### What to do
What you give back must match the data exactly, minus the pictures.

*** Opening of Source material ***

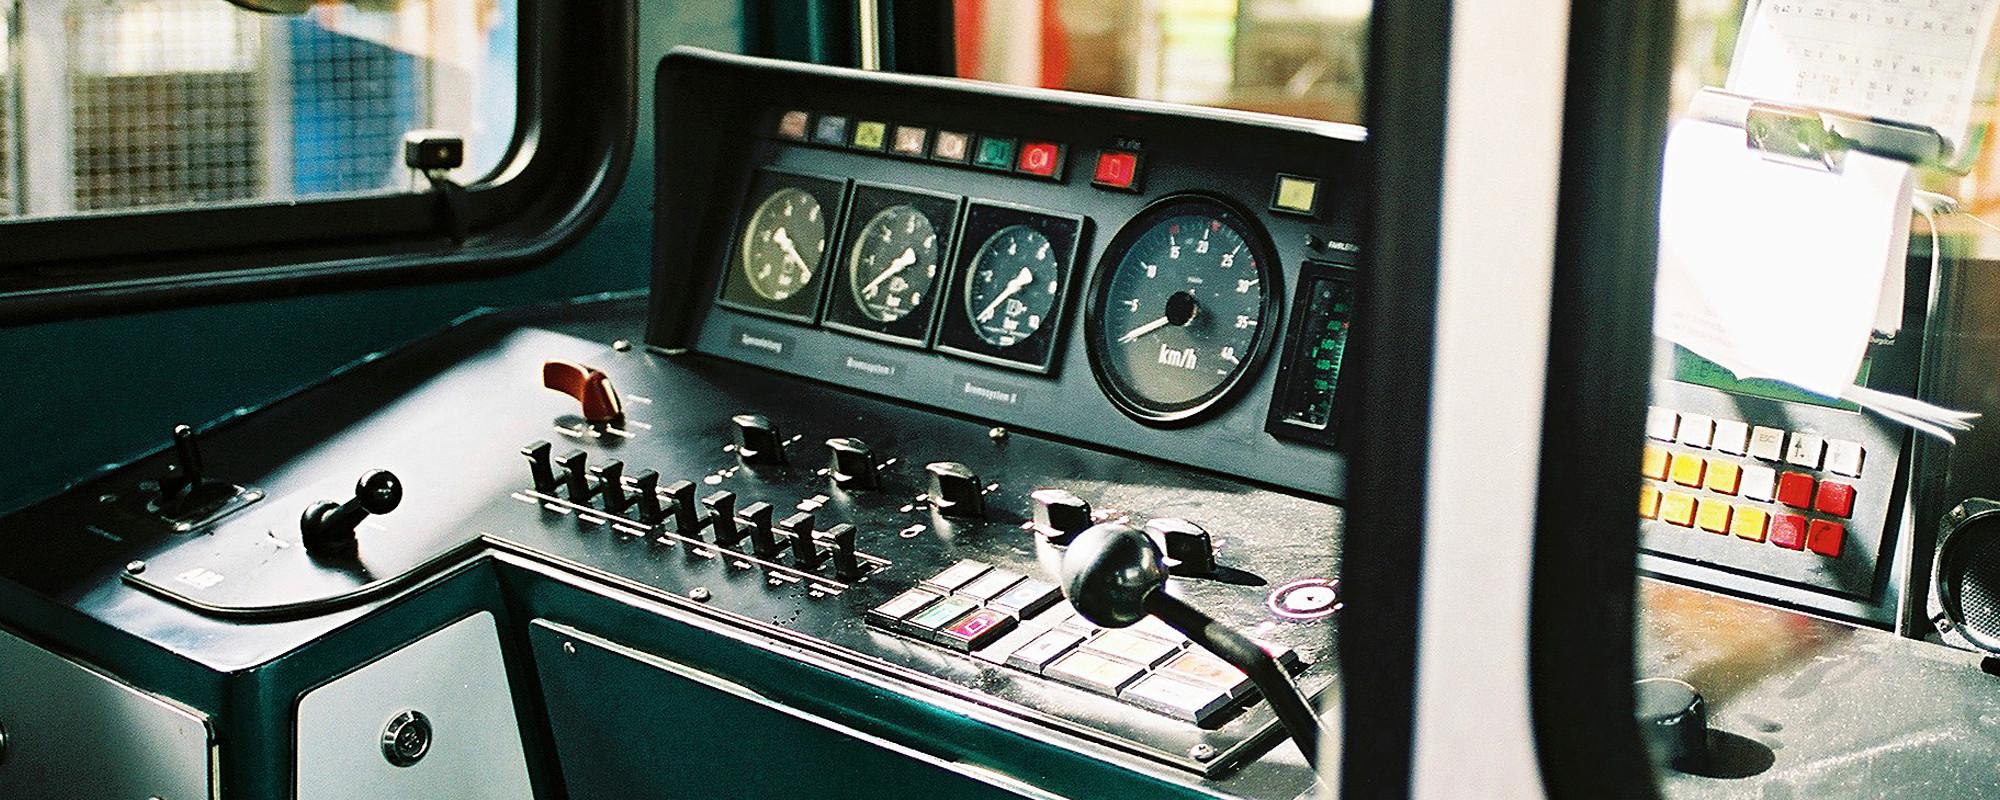 TrainControls
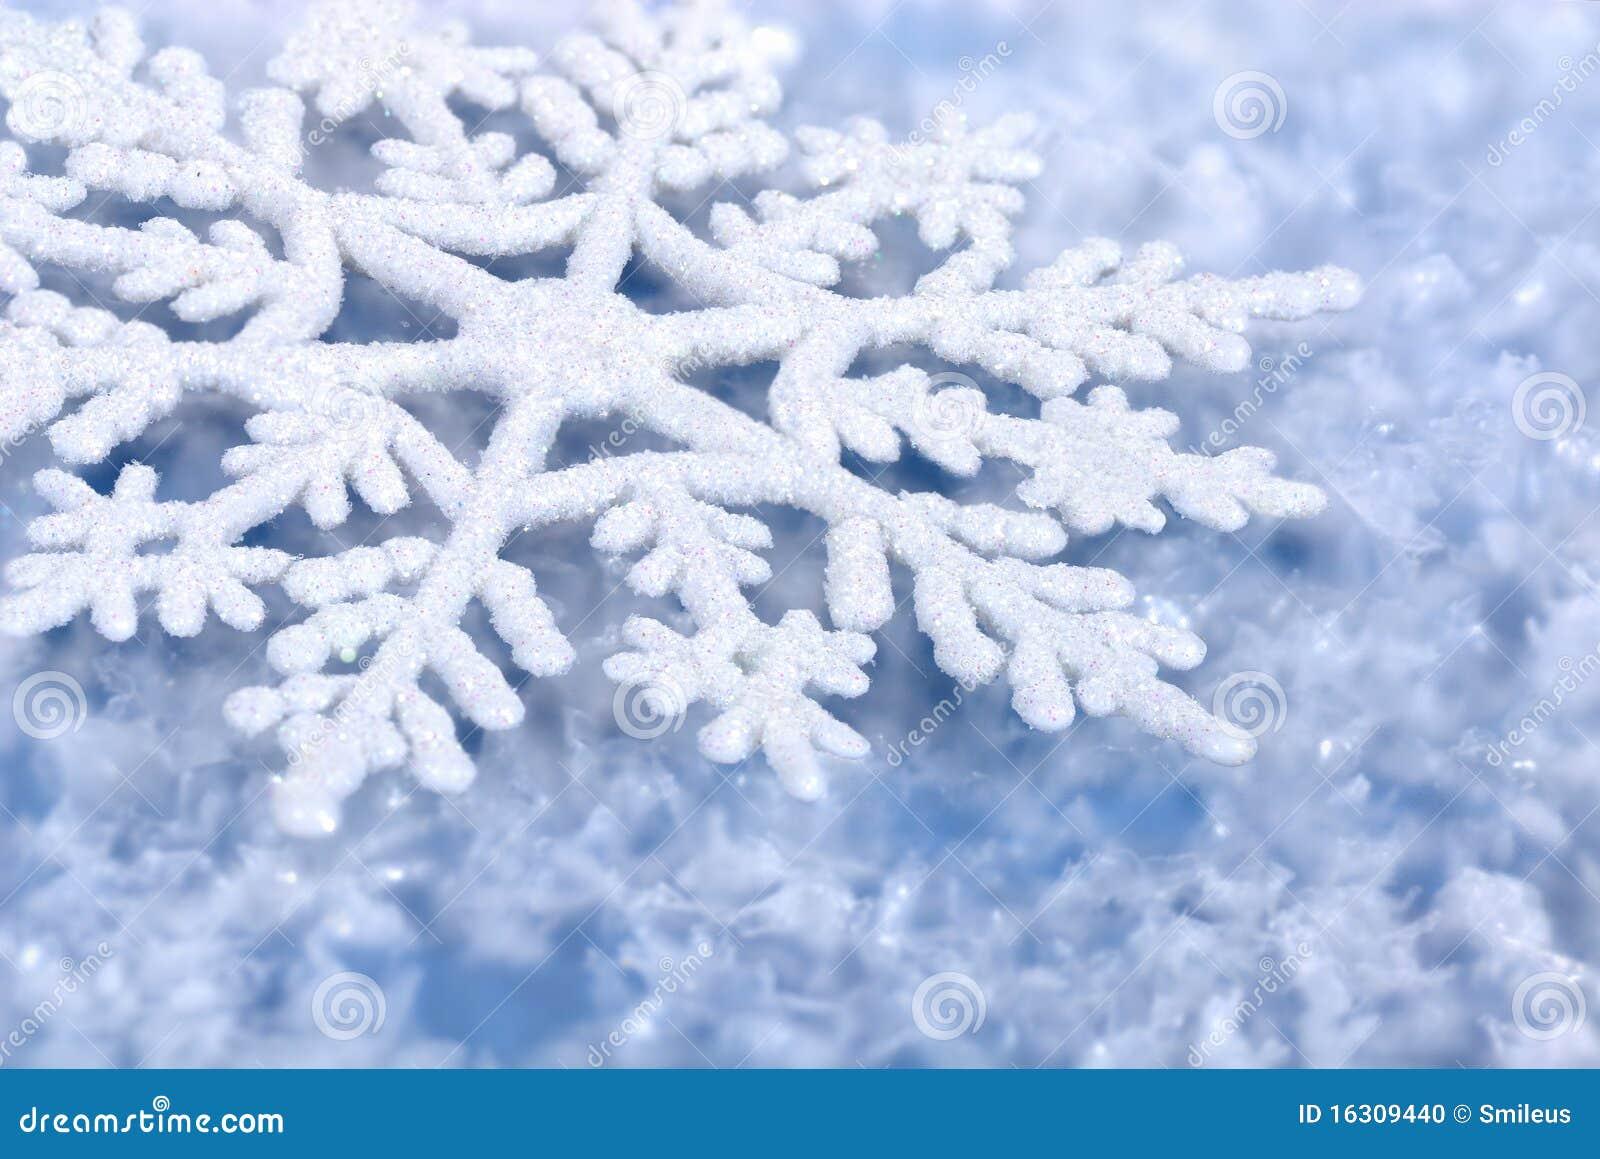 Blue Winter Background Stock Photo Image 16309440
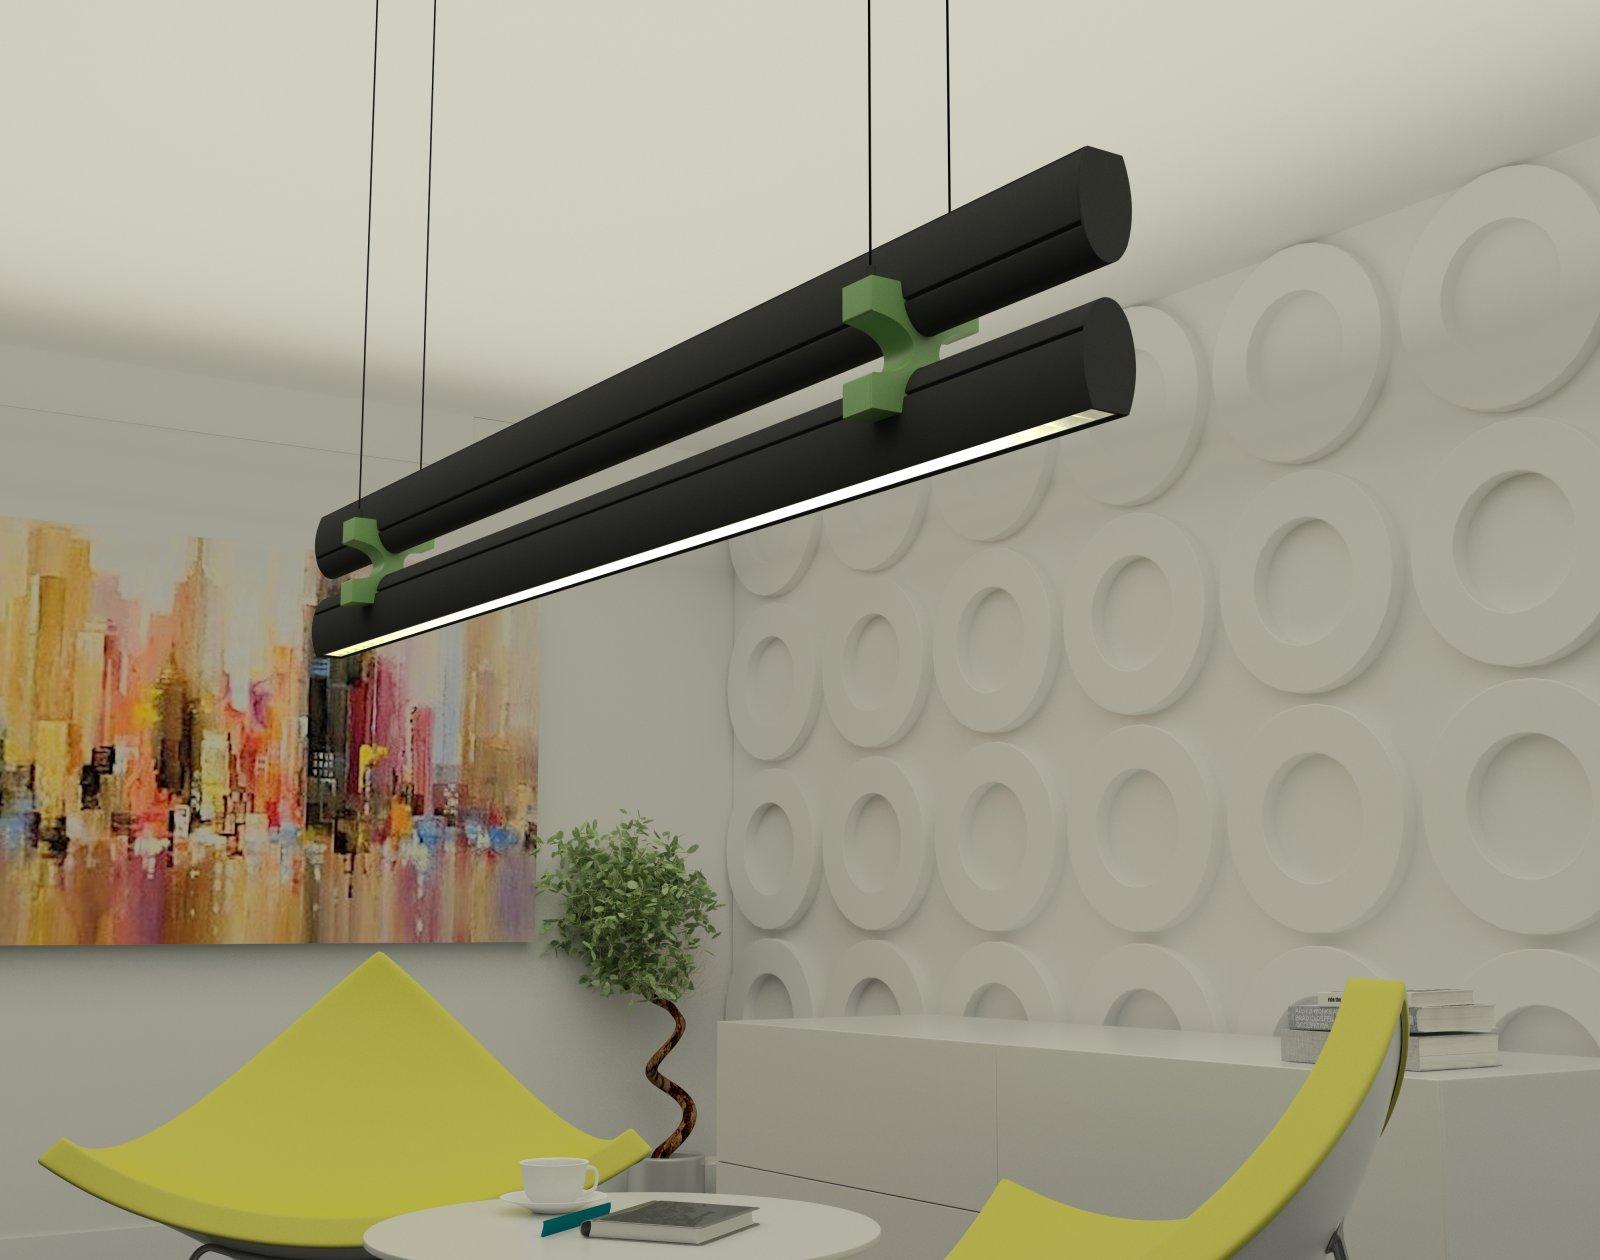 """Tasarımla aramızdaki güçlü bağ """"Nest"""" Design Turkey İyi Tasarım ile ödüllendirildi!Tasarımla aramızdaki güçlü bağ """"Nest"""" Design Turkey İyi Tasarım ile ödüllendirildi!"""

*** Close of Source material ***

### Answer section
 TrainControls
 Blue Winter Background Stock Photo Image 16309440
 """Tasarımla aramızdaki güçlü bağ """"Nest"""" Design Turkey İyi Tasarım ile ödüllendirildi!Tasarımla aramızdaki güçlü bağ """"Nest"""" Design Turkey İyi Tasarım ile ödüllendirildi!"""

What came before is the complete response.